Jason House, el 18 de enero a las 17:34 me escribiste:
> On Jan 18, 2012, at 4:48 PM, Andrei Alexandrescu <andrei at erdani.com> wrote:
> 
> > On 1/18/12 3:41 PM, Don Clugston wrote:
> >> From 5 years 8 months to 5 years 6 months. I don't think we get much
> >> leverage from that.
> > 
> > We must start somewhere, and with time the "de-aging" process will accelerate. Without giving old bugs due process, we undermine people's confidence that we're thorough and that every bug will be ultimately looked at.
> > 
> >> We don't have the resources to improve either the number of open bugs,
> >> or the age of the oldest bug, by enough that anybody would care.
> >> By contrast...
> >> 
> >> REGRESSIONS.
> > 
> > I agree regressions are important. But we shouldn't frame things as
> > "either we look at older bugs or fix regressions". I think each
> > release should pay attention to both.
> 
> I agree with Andrei. As D fights to gain popularity, it will be
> evaluated by a variety of somewhat arbitrary metrics by people
> deciding if they should take the D plunge.
> 
> People will definitely look at how quickly bugs get closed. For a new
> language with a recent uptick in community involvement, 6 year old
> bugs are definitely embarrassing.

If people don't "experience" bugs they will not even look at the age of
bugs, they will not even look at the bug tracker! How many times did you
checked the bug from other languages? I use GCC and Python on a daily
basis for years now, and I think I might had a look in their bug
trackers about 2 or 3 times in that time frame. With D I look at it this
many times per month maybe. That's not because I like to see how old
bugs are, but because I get bit by bugs. That are the bugs that should
be fixed first.

> Just like the "no new regressions" policy, a "no bugs more than
> 5 years old" policy might be good too. Having recent updates to old
> bugs by core people would definitely blunt some of it.

You can't compare. The "no regressions" ("new regressions" is kind of
redundant :) policy is a must, no something you do just to make the
"arbitrary metrics" made by random people to judge the compiler's
quality. Again, that will only happen if people find bugs on their daily
use, and that will surely happen if you introduce regressions in new
version.

> Things can also be made to look better with a liberal policy of
> marking old bugs as wontfix as well as consolidating older bugs into
> newer, more general, bugs.

Are you serious?

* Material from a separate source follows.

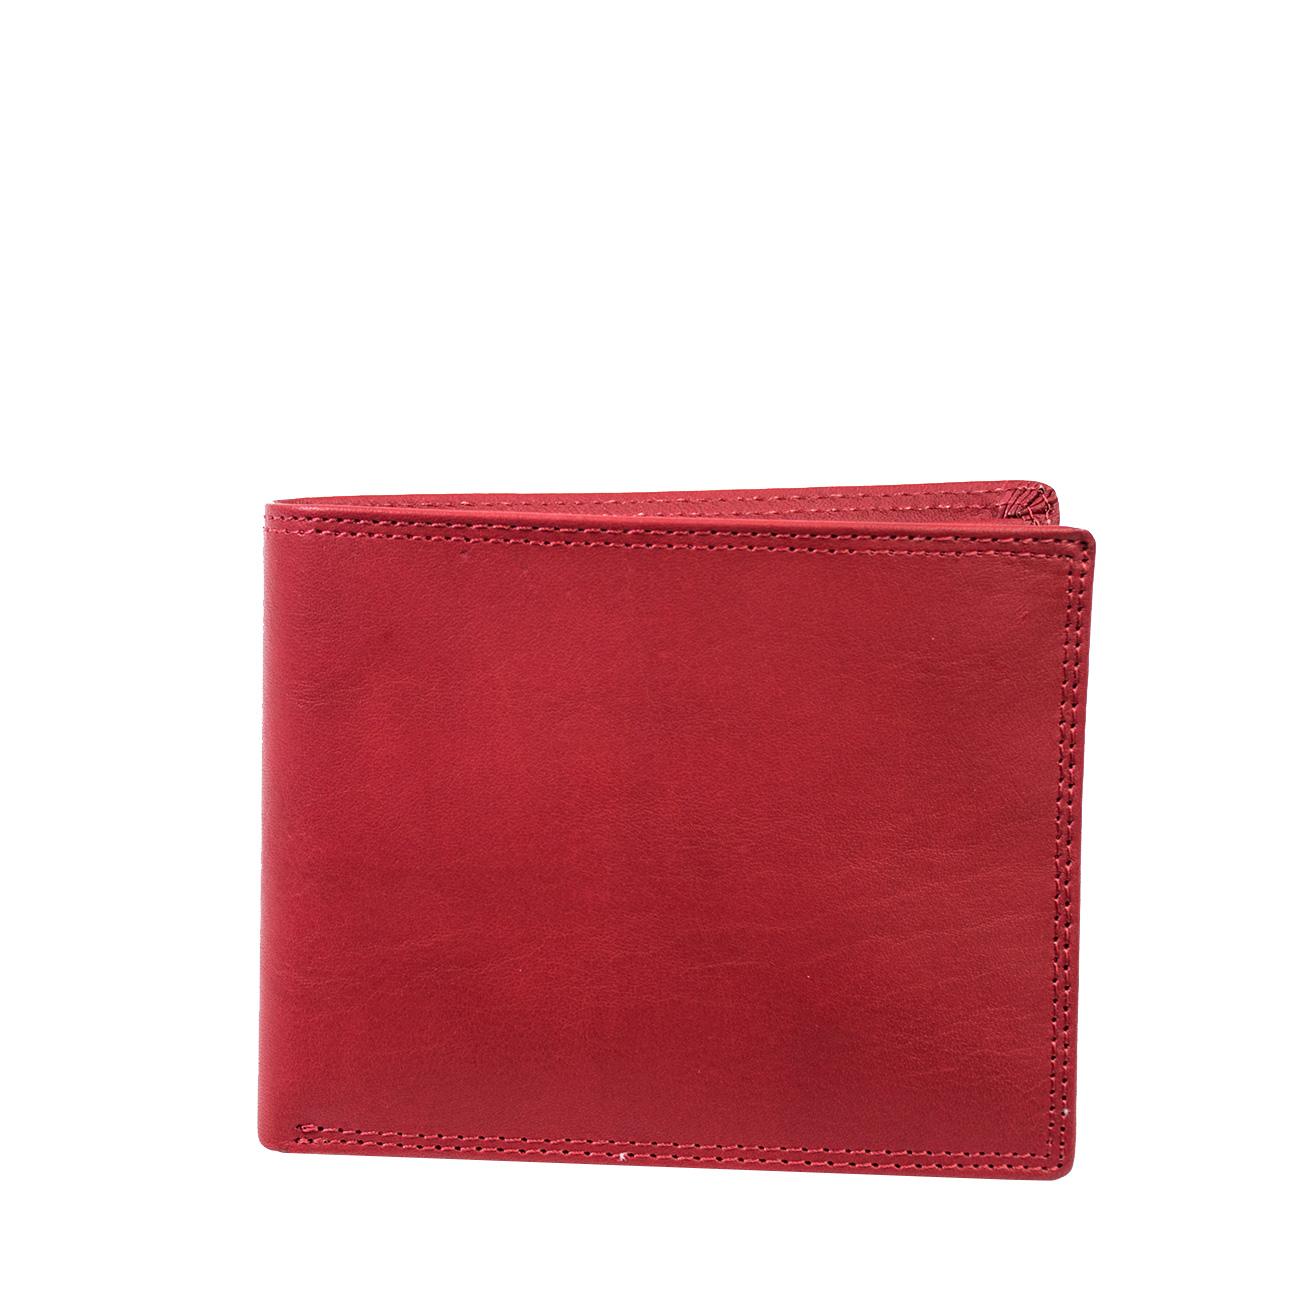 Bags and more Charly Piros Férfi Pénztárca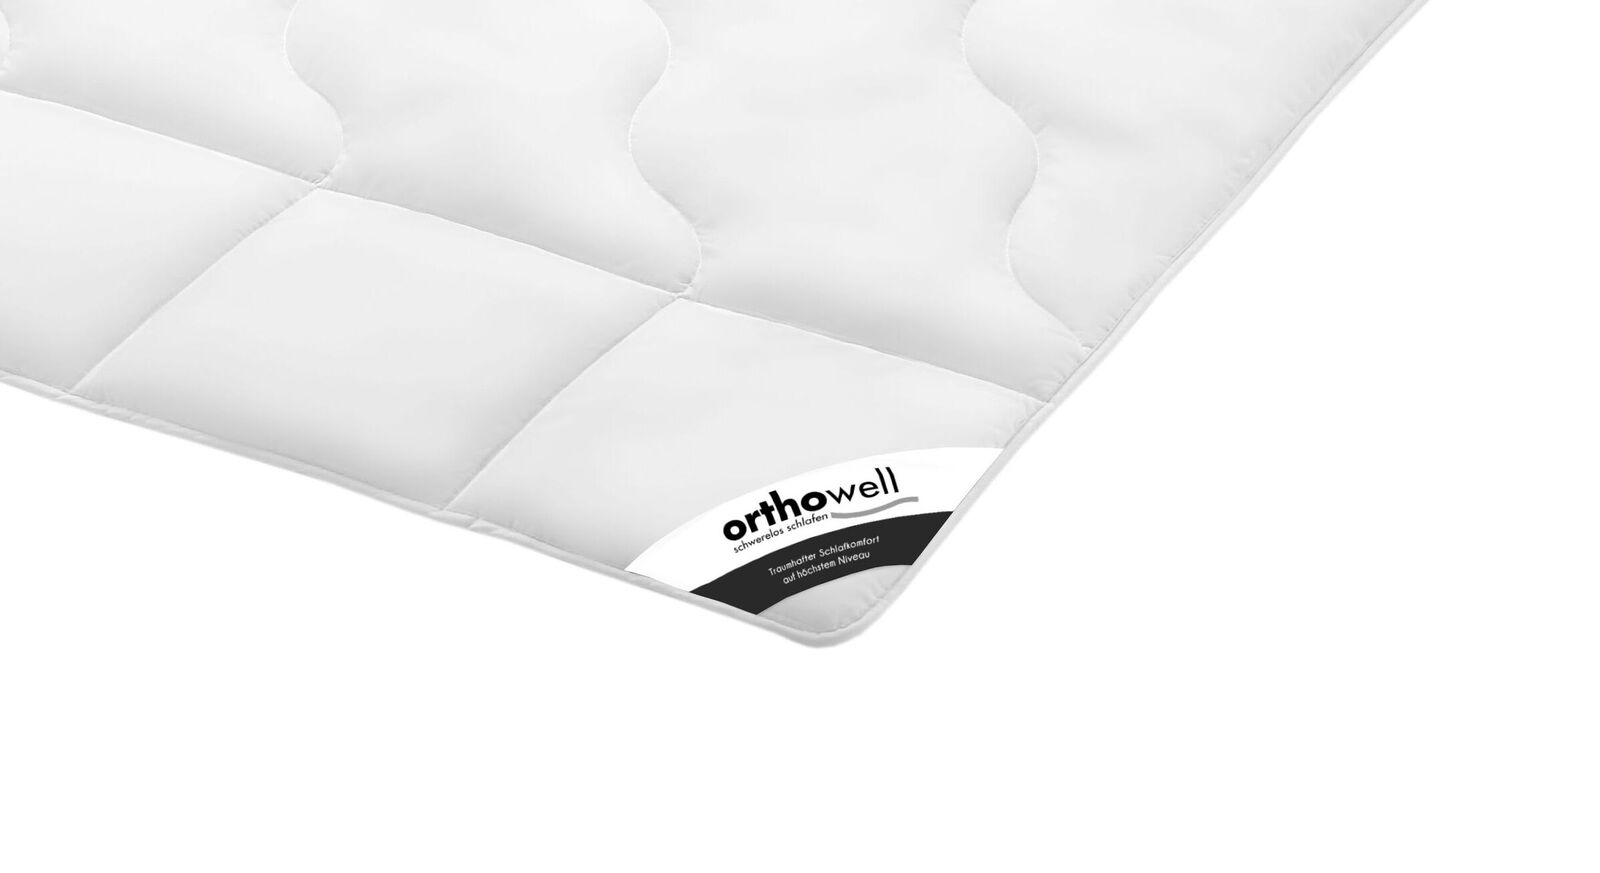 Preiswerte Faser-Bettdecke orthowell Standard warm

Why don't we just remove all bugs and show people that
D is bug free? Really... you can't be serious...

And again, the age of a bug is only relevant when users actually *hit*
the bug. I agree that if two bugs are equally annoying and important,
the oldest one should be fixed first, that would show the users they
won't have to fight the bugs they *hit* for too long. But it makes no
sense to spend time fixing a bug that nobody cares just because if
6 years old when there is a but that's more important and it's just
4 months old. It also doesn't make sense to close the bug because it's
old, it should be fixed eventually when there is nothing more
important to fix (or when somebody finds fixing that bug particularly
fun, don forget that most of the people do this as a hobby). It doesn't
make any sense to conceal it's age either.